CoEval: Ranking Language Models for Custom Tasks Without Labeled Data or Trustworthy Benchmarks — read it online (HTML with rendered math) or download the Word version.

Alexander Apartsin (Holon Institute of Technology) · Yehudit Aperstein (Afeka Tel Aviv Academic College of Engineering)

CoEval ranks models for a custom task or domain in the hardest setting: when no task-specific labeled data exists and public benchmarks cannot be trusted because their items have likely leaked into pretraining. From only a task description, a teacher model synthesizes a fresh, contamination-free benchmark and a cross-family judge ensemble ranks the candidates, with no human labels or raters.

Result	Evidence
Recovers the true model ranking with no labeled data	Spearman ρ = 0.86 vs ground-truth correctness, 95% CI [0.77, 0.94]
Doubly-robust ranking recovers the true ordering and resists rogue judges	reliability and discrimination weighting lift rank-recovery to Spearman 0.95 across 13 models; an injected random judge receives weight 0.00
Rankings are domain-specific, so a generic leaderboard misleads	three different models top four CoEval-generated domains; the pooled-best model is domain-best in only 1 of 4
Cancels a verbosity bias no single judge avoids	ensemble r = +0.010 (CI spans zero), a 93% reduction
Composition over size: panel diversity, not panel size, drives reliability	ICC(3,k) peaks at two well-chosen judges, falls as low-agreement judges are added
Structurally precludes same-family self-preference	vendor-disjoint panel; aggregation shifts every score ≤ 0.015
Contamination-free generated items	0.0000 verbatim 13-gram overlap with five major public benchmarks
Inexpensive enough to re-run per model release	7,978 evaluations for USD 5.89, fully automated

🚨 The Challenge

Evaluating and selecting off-the-shelf or fine-tuned models for a specific use case is difficult.

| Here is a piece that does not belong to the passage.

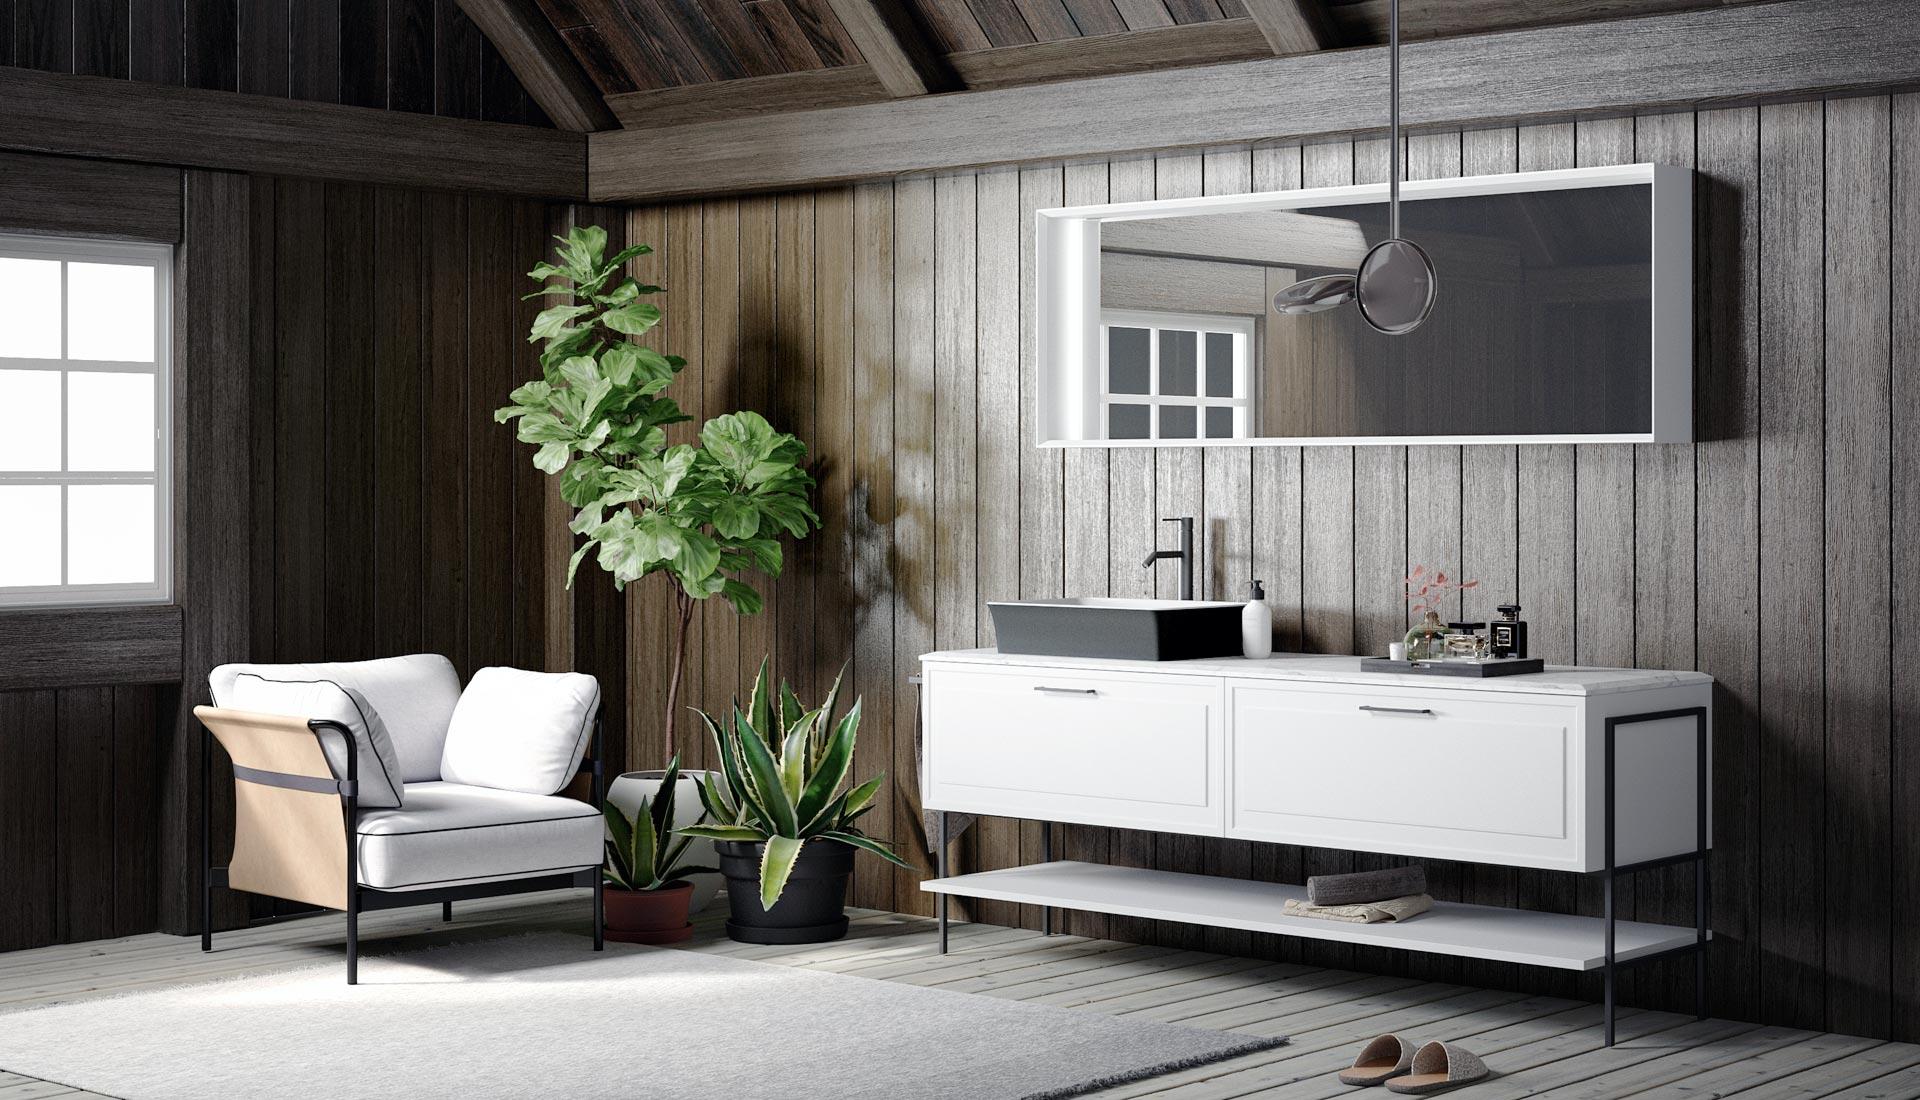 Puntotre bathrooms furniture and bath furnishing ideas

Choosing the right LLM means navigating a minefield of hidden pitfalls:

	Challenge	Why It Hurts
🎯	Generic benchmarks don't transfer	Public data and metrics often miss the nuances of your real-world requirements.
🧩	Custom benchmarks are hard to design	Defining representative tasks, building rubrics, and choosing robustness variations is non-trivial.
💸	Multi-model multi-task benchmarks are expensive to execute	Running every candidate model across every task and rubric quickly multiplies cost and compute.
🕳️	Leakage biases results	Public and private benchmark items (or near-duplicates) may lurk in training data, inflating scores via memorization.
⚙️	Ops and cost are complex	Running evaluations across providers, inference modes, and scoring criteria demands careful orchestration.

Bottom line: You can't trust a leaderboard number, and building your own eval is a project in itself.

💡 The Concept

Ensemble-based synthetic self-evaluation benchmarking — let the models evaluate each other.

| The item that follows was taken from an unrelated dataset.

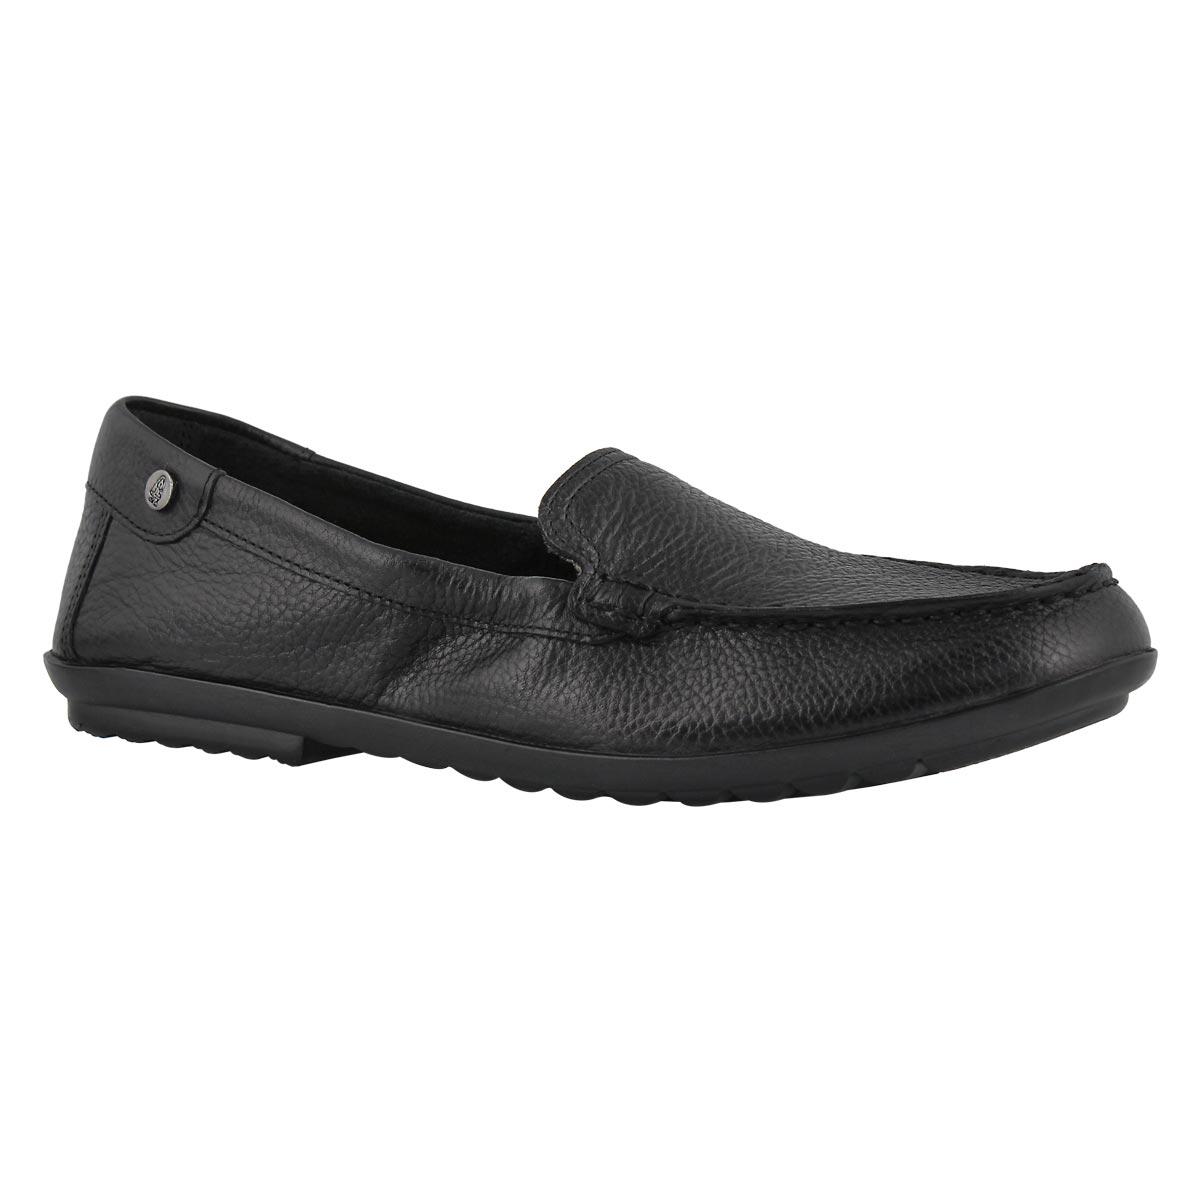 Lds Aidi Mocc black casual slip on

CoEval generates a synthetic evaluation suite spanning multiple domain-specific tasks and scoring rubrics, then assembles an ensemble of models that rotate through three roles:

┌─────────────────────────────────────────────────────────────┐
│                     MODEL  ENSEMBLE                         │
│                                                             │
│   ┌───────────┐    ┌───────────┐    ┌───────────┐          │
│   │  Model A   │    │  Model B   │    │  Model C   │  ...   │
│   └─────┬─────┘    └─────┬─────┘    └─────┬─────┘          │
│         │                │                │                 │
│         ▼                ▼                ▼                 │
│   ┏━━━━━━━━━━━━━━━━━━━━━━━━━━━━━━━━━━━━━━━━━━━━━━━━━┓     │
│   ┃          ROTATING  ROLE  ASSIGNMENT               ┃     │
│   ┗━━━━━━━━━━┳━━━━━━━━━━━━━━━━┳━━━━━━━━━━━━━━━━━┳━━━━┛     │
│              ▼                ▼                  ▼           │
│      🎓 TEACHER        📝 STUDENT          ⚖️ JUDGE        │
│   Generate synthetic   Models under       Score outputs     │
│   challenges &         evaluation take    against the       │
│   reference answers    the challenges     rubric            │
│                                                             │
└─────────────────────────────────────────────────────────────┘

Reliability through selection

Not all teachers and judges are created equal. CoEval improves signal quality by identifying:

Role	Selection Criterion	Intuition
🎓 Teacher	Differentiating — produces challenges that separate student performance	A good exam question reveals who studied.
⚖️ Judge	Consensus — high agreement with ensemble majority	A reliable judge aligns with peer consensus.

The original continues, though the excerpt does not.